Overlevering op basis van Europees Aanhoudingsbevel met betrekking tot een Ghanese verdachte

In deze zaak heeft de Rechtbank Amsterdam op 2 april 2013 uitspraak gedaan in een rekestprocedure met betrekking tot een Europees Aanhoudingsbevel (EAB) dat was uitgevaardigd door Italië. De zaak betreft de overlevering van een Ghanese verdachte, geboren in 1975, die momenteel gedetineerd is in Nederland. De officier van justitie, mr. K. van der Schaft, heeft de vordering tot overlevering ingediend op 7 januari 2013. De rechtbank heeft de identiteit van de opgeëiste persoon vastgesteld en bevestigd dat de opgeëiste persoon de Ghanese nationaliteit heeft.

De rechtbank heeft de vordering behandeld op een openbare zitting op 26 februari 2013, waarbij de opgeëiste persoon werd bijgestaan door haar raadsvrouw, mr. N. Swart. Tijdens de zitting heeft de rechtbank vragen gesteld aan de Italiaanse autoriteiten over de mogelijkheid van overname van de straf door Duitsland, aangezien de Duitse autoriteiten eerder een vergelijkbaar verzoek hadden afgewezen. De Italiaanse autoriteiten hebben echter bevestigd dat er geen gronden zijn om de overlevering te weigeren en dat zij de overlevering van de opgeëiste persoon wensen.

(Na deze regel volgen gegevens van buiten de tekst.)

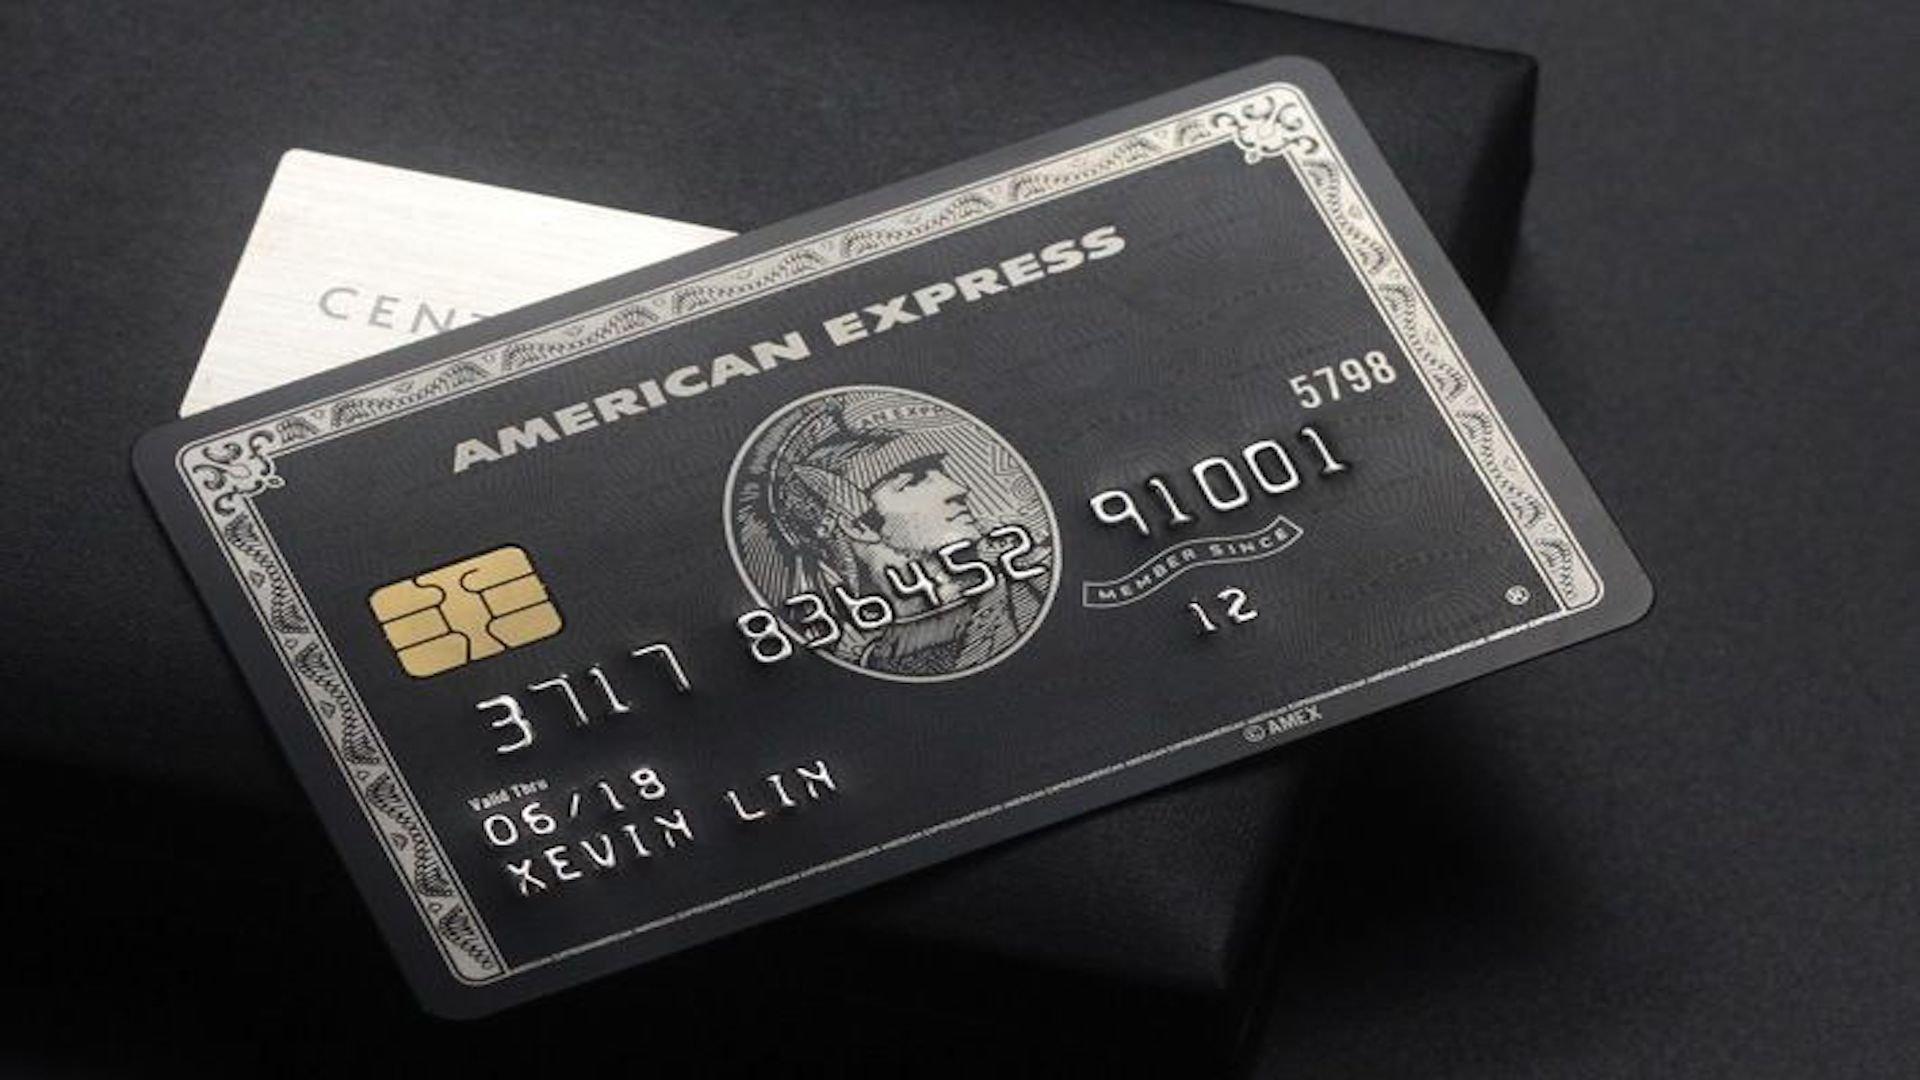 American Express (Amex) Black Card

De rechtbank heeft vastgesteld dat het feit waarvoor overlevering wordt verzocht, zowel naar Italiaans als naar Nederlands recht strafbaar is en dat de opgeëiste persoon een vrijheidsstraf van 3 jaar, 6 maanden en 20 dagen moet ondergaan. De rechtbank heeft geoordeeld dat de persoonlijke omstandigheden van de opgeëiste persoon niet dusdanig uitzonderlijk zijn dat dit zou leiden tot een weigering van het overleveringsverzoek. De rechtbank heeft uiteindelijk besloten de overlevering toe te staan, waarbij zij heeft verwezen naar de relevante wetsbepalingen, waaronder de Opiumwet en de Overleveringswet.

Uitspraak

RECHTBANK AMSTERDAM

INTERNATIONALE RECHTSHULPKAMER

Parketnummer: 13.707.176-2012
RK nummer: 13/204
Datum uitspraak: 2 april 2013
UITSPRAAK
op de vordering ex artikel 23 van de Overleveringswet (OLW), ingediend door de officier van justitie bij deze rechtbank. Deze vordering dateert van 7 januari 2013 en betreft onder meer het in behandeling nemen van een Europees aanhoudingsbevel (EAB).
Dit EAB is uitgevaardigd op 24 oktober 2010 door
the Assistant State Prosecutor of Civitavecchia(Italië) en strekt tot de aanhouding en overlevering van:
[opgeëiste persoon]
geboren te [geboorteplaats] (Ghana) op [geboortedag] 1975,
zonder vaste woon- of verblijfplaats in Nederland,
thans gedetineerd in de [detentie adres],
hierna te noemen de opgeëiste persoon.

1.Procesgang

De vordering is behandeld op de openbare zitting van 26 februari 2013. Het verhoor heeft plaatsgevonden in tegenwoordigheid van de officier van justitie mr. K. van der Schaft.
De opgeëiste persoon heeft zich doen bijstaan door haar raadsvrouw, mr. N Swart, advocaat te Amsterdam, die de behandeling van de zaak heeft overgenomen van mr. Ebbink te Haarlem, en door een tolk in de Engelse taal.
Bij tussenuitspraak van 12 maart 2013 heeft de rechtbank het onderzoek ter terechtzitting heropend en de officier van justitie verzocht om een aantal vragen aan de Italiaanse justitiële autoriteit te stellen. Deze vragen zijn respectievelijk per e-mail en per fax van 28 maart 2013 door voornoemde autoriteit beantwoord.
De behandeling van de vordering is hervat op de openbare zitting van 2 april 2013. Het verhoor heeft plaatsgevonden in tegenwoordigheid van de officier van justitie mr. K. van der Schaft.
De opgeëiste persoon heeft zich doen bijstaan door haar raadsvrouw, mr. N Swart, advocaat te Amsterdam, en door een tolk in de Engelse taal.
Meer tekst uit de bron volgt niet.